*** Block opens ***

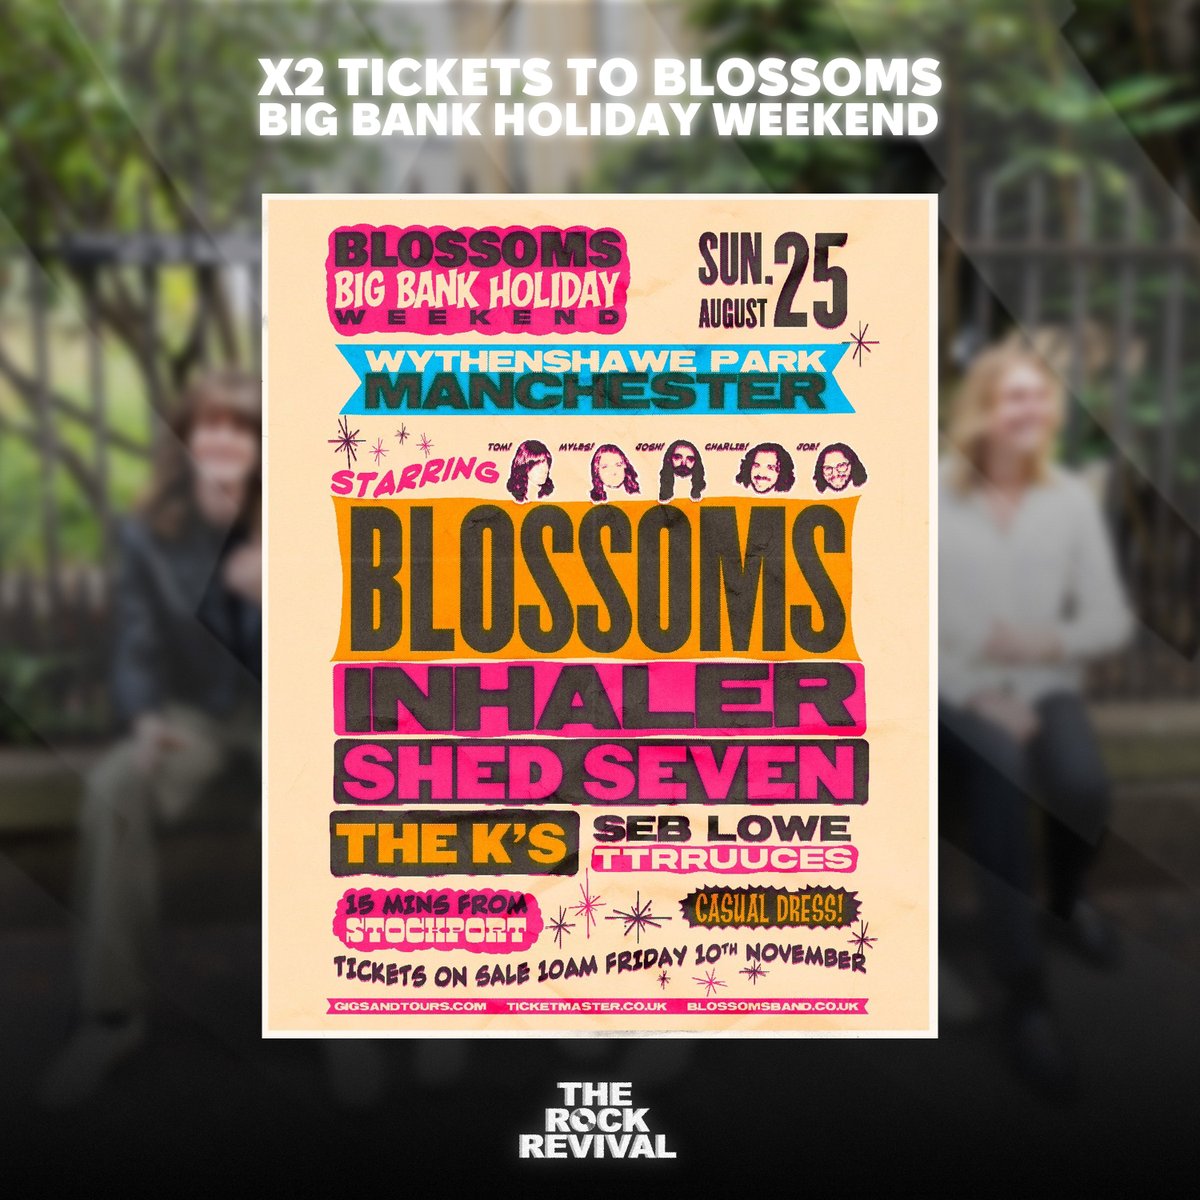 For a chance to win X2 Blossoms Big Bank Holiday Weekend tickets 🎫 

- Like and RT
- Follow @therockrevival_ & @BlossomsBand 
- Tag a mate 

P.S. Follow on Instagram for a double chance!
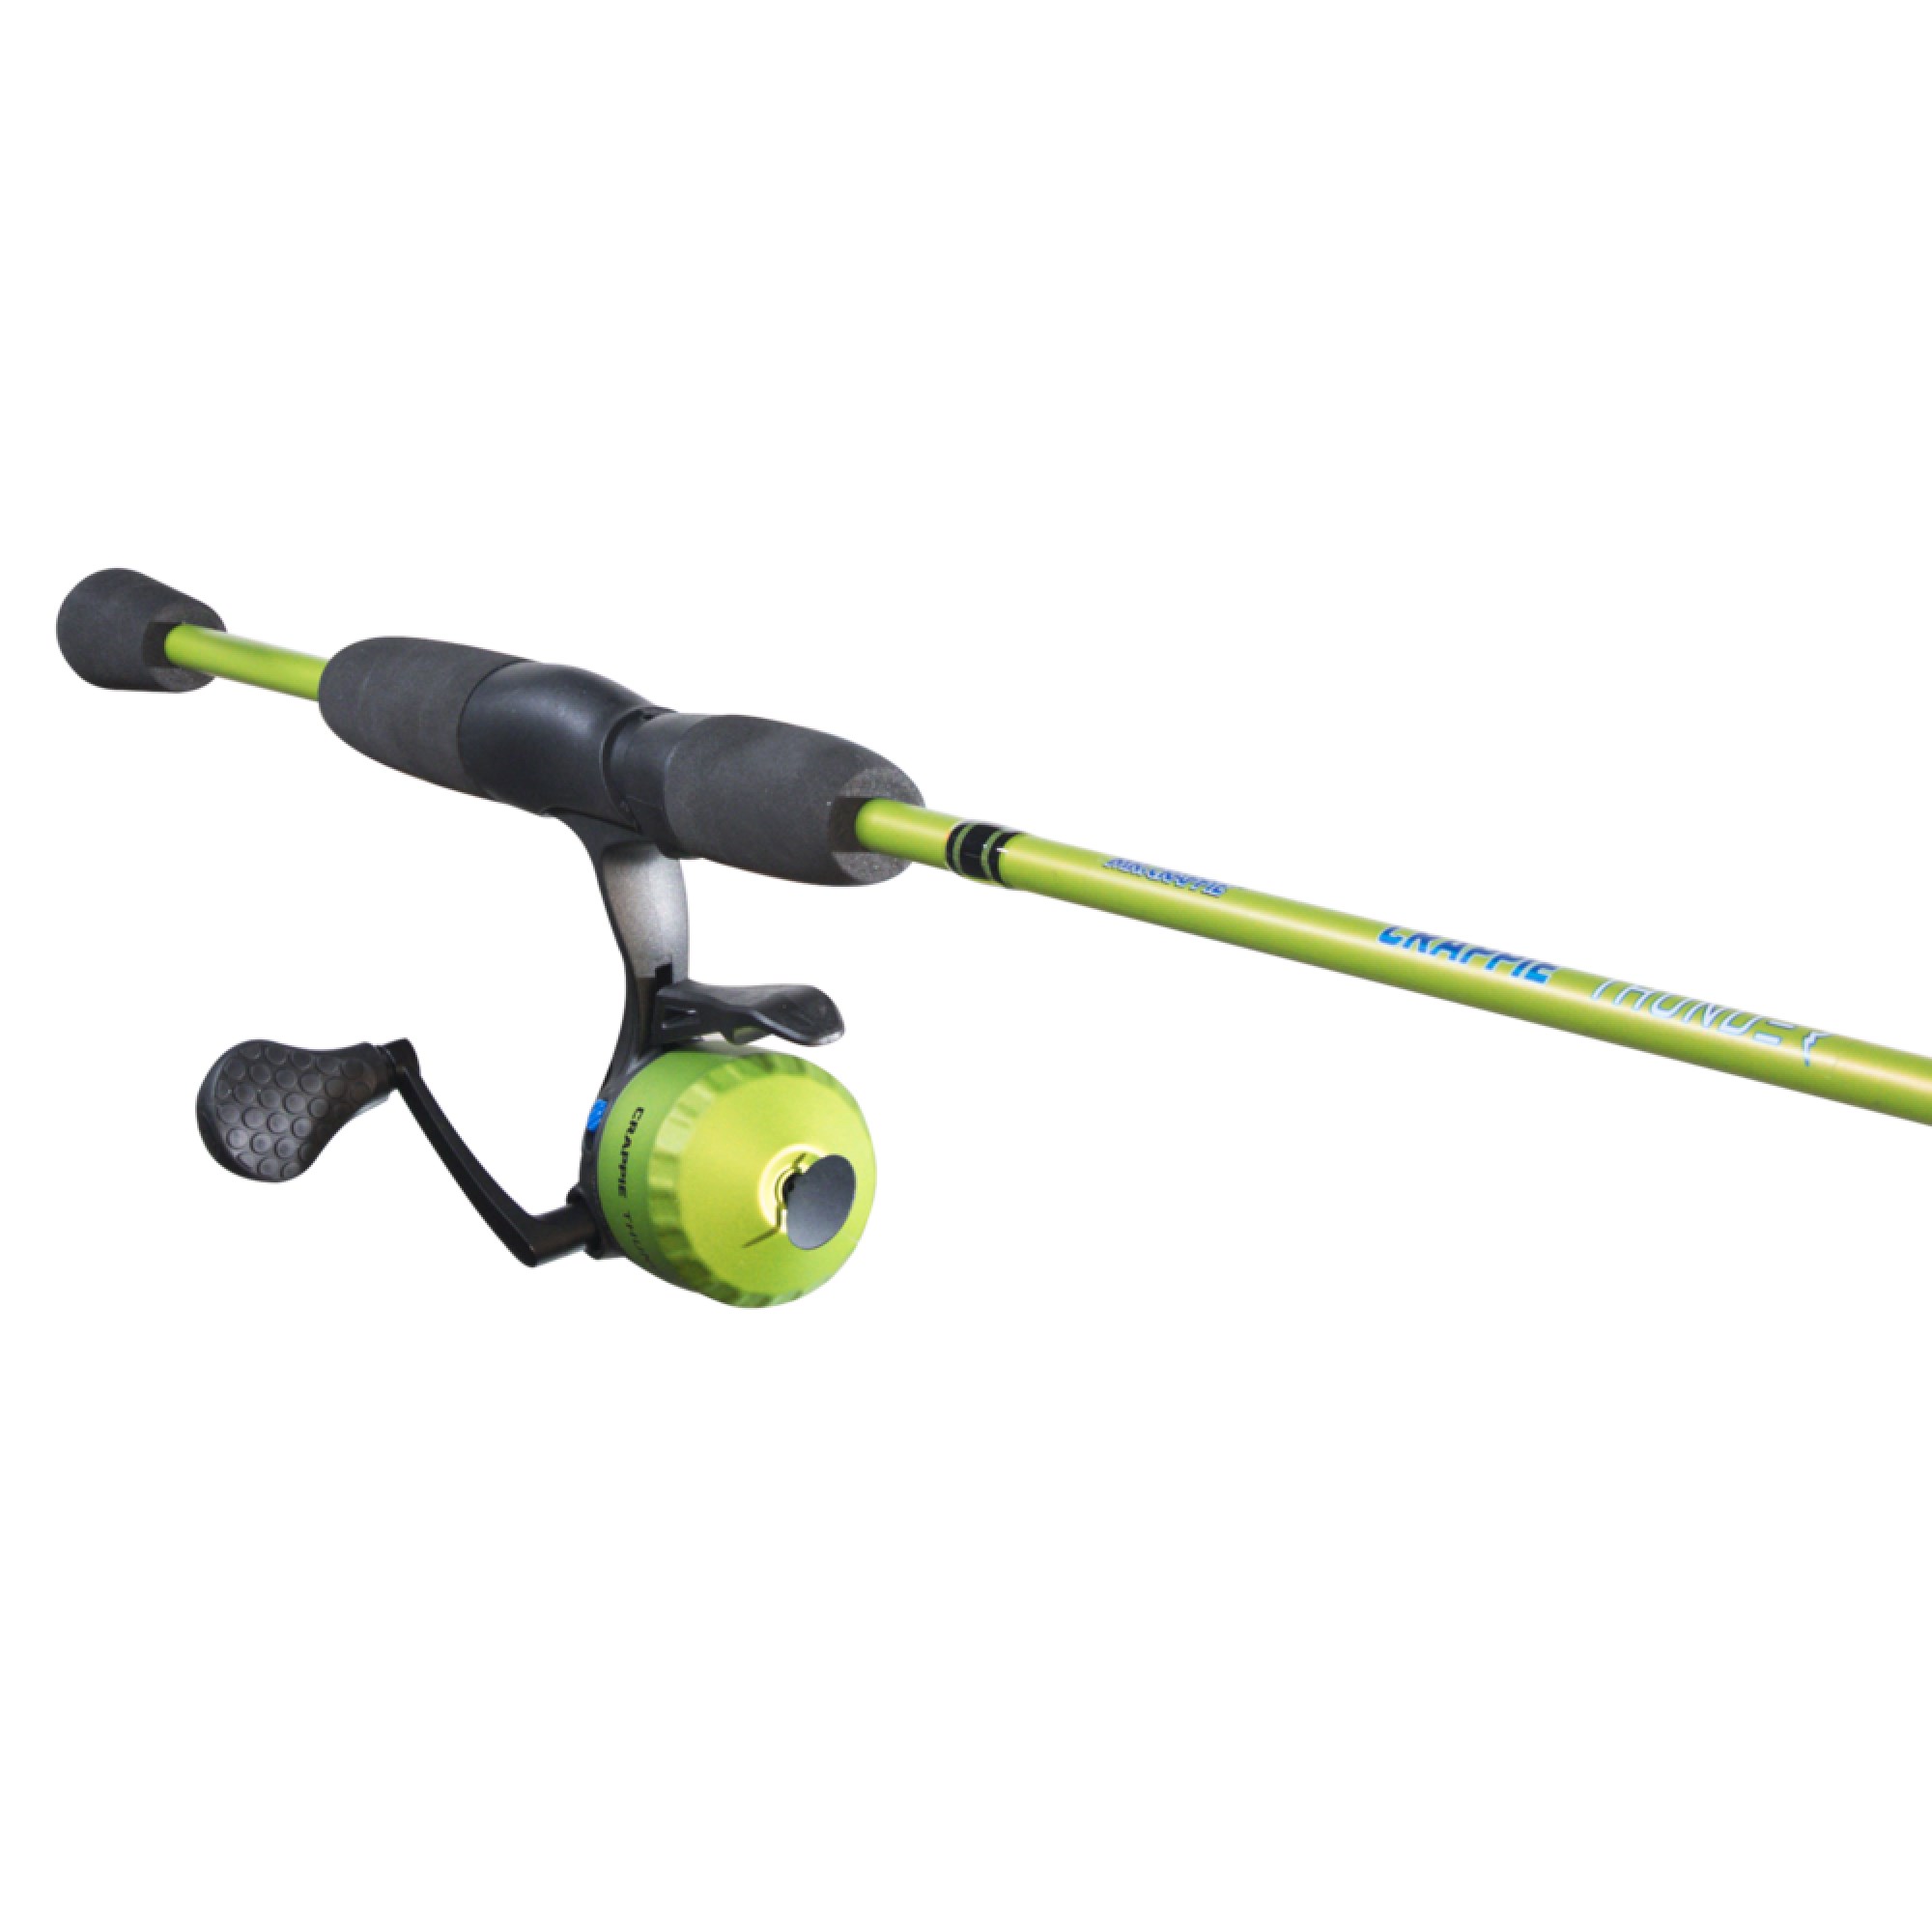 Mr. Crappie Thunder Underspin Rod and Reel Combo , Up to $2.00 Off

*** Block closes ***

Problem details: Transcribe the listing above verbatim. No picture belongs in the result.

Written response:
 For a chance to win X2 Blossoms Big Bank Holiday Weekend tickets 🎫 

- Like and RT
- Follow @therockrevival_ & @BlossomsBand 
- Tag a mate 

P.S. Follow on Instagram for a double chance!
 Mr. Crappie Thunder Underspin Rod and Reel Combo , Up to $2.00 Off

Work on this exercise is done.